Wysocki took her gaze from Olivia to Adam and back, not even looking at me. I didn’t care, I just wanted her to believe us.
“DeSantos, I’ve never known you or Boyd to be delusional.” Wysocki gave a sharp nod to one of the officers who called to her before she returned her attention to us. “But right now I want to know what you’ve been smoking.”
“You may not believe us now,” I said, “but when you see more bodies turn up like this, you’re going to wonder if we’re right about what we’re telling you.
“That girl.” I pointed to where the student’s ambulance was just starting to leave. “There are no marks, but she probably was bitten. Vampires have healing power in their saliva. All they have to do is lick a wound and it heals.”
The captain looked ready to draw the Glock beneath her jacket and shoot us. “I’m going to have all of your asses—”
“The others,” Olivia interrupted, “bite marks, mutilation, things no human being should be able to do. Vampires are powerful and vicious.”
“I think the Vampires let those two live as a message,” I said. “They want people to know it was them, that they’re back and they think they can do whatever they want to.”
I continued, “You might not want to hear it but if those students get bitten a second time and become fully infected, it would be better for both of them, and for all of us, if they were dead.”
“What the hell?” Wysocki looked at Adam. “Get these two out of here, Boyd, before I put you on involuntary leave.”
“We need you need to listen.” Adam held his ground without giving an inch. “Give us five minutes.”
The captain narrowed her eyes. “I’ll give you three minutes to convince me why I should believe you.”
Adam dragged his hand down his face in a frustrated movement.
Olivia returned Wysocki’s hard look. “That’s not enough time but we’ll give you the best summary we can.”
“There’s a whole paranormal world that hardly anyone is aware of
,” Adam said. “Those of us who do—we’re sworn to secrecy. It’s the only way the paranorms will let us help protect norms—I mean our citizens.”
“Paranorms. Norms. Right.” I heard the sarcasm in her voice when she stared at me. “Okay, so you say we have Vampires to blame. How about giving every officer a few cloves of garlic, some holy water, and a cross?”

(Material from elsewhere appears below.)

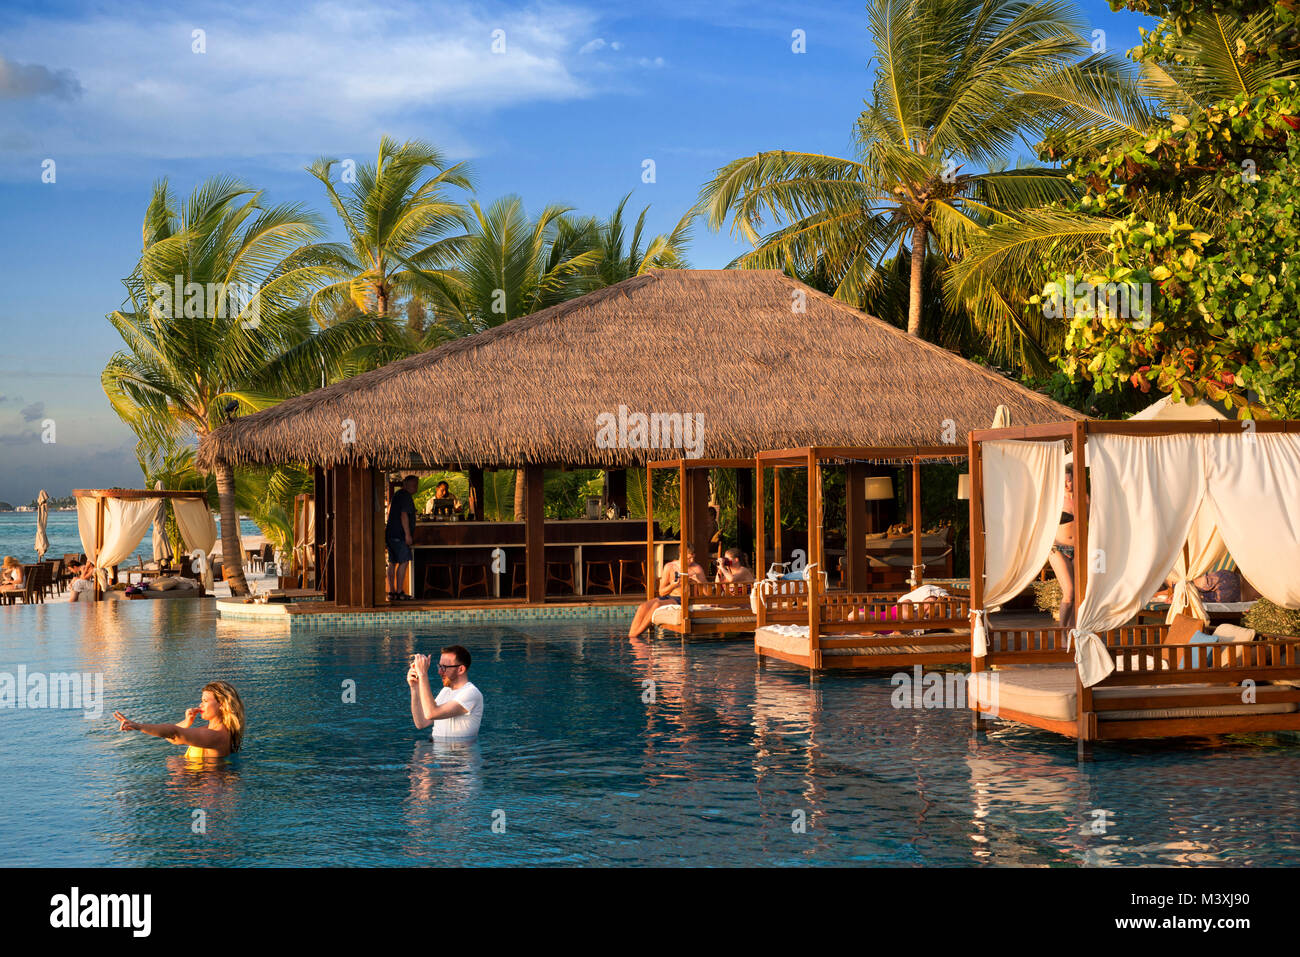 Swimming pool and restaurant in The Residence Hotel and Resort, Gaafu Alifu Atoll. Maldives Islands. Stock Photo

“The Vampires will just feel a little sick,” I said. “Those things don’t actually stop them. Don’t come close to stopping them.”
“We’re serious, Captain,” Adam said.
“What Boyd’s trying to say is that there’s shit out there you can’t begin to imagine,” Olivia cut in. “We don’t have enough time to explain, and honestly, you don’t have time to listen to it all. We’re telling you because you need to know what in the hell is happening.”
The hardass captain looked conflicted. It was in her eyes, something I’d never have believed before.
“Vampires were defeated in a paranorm rebellion in the eighteen-hundreds,” I said, hoping that I was helping, not making things worse. “We thought we had them under control until now.”
I think the only reason why the captain looked like she was even considering what I had to say was because Adam and Olivia had started speaking first.
“Long story,” Adam said. “But the Vampires have possession of something that makes it damn near impossible for paranorms to control them anymore.”
“No,” I said. “It makes it completely impossible for us to control them.”
“Us?” Wysocki frowned at me. “ ‘Us’ as in ‘us paranorms’?” She didn’t miss anything, did she.
I didn’t answer and Adam said, “The paranorms are working on a way to stop the Vampires. Because they’re supernatural beings, it’s not going to be easy.”
“Supernatural beings.” The captain shook her head. “If I did believe you, what could the NYPD do?”
“Figure out a way to keep people off the streets at night,” Adam said.
“By telling the people of Manhattan that Vampires are responsible for all of the attacks and missing persons?” Wysocki looked even more grim. “That’s not going to fly.”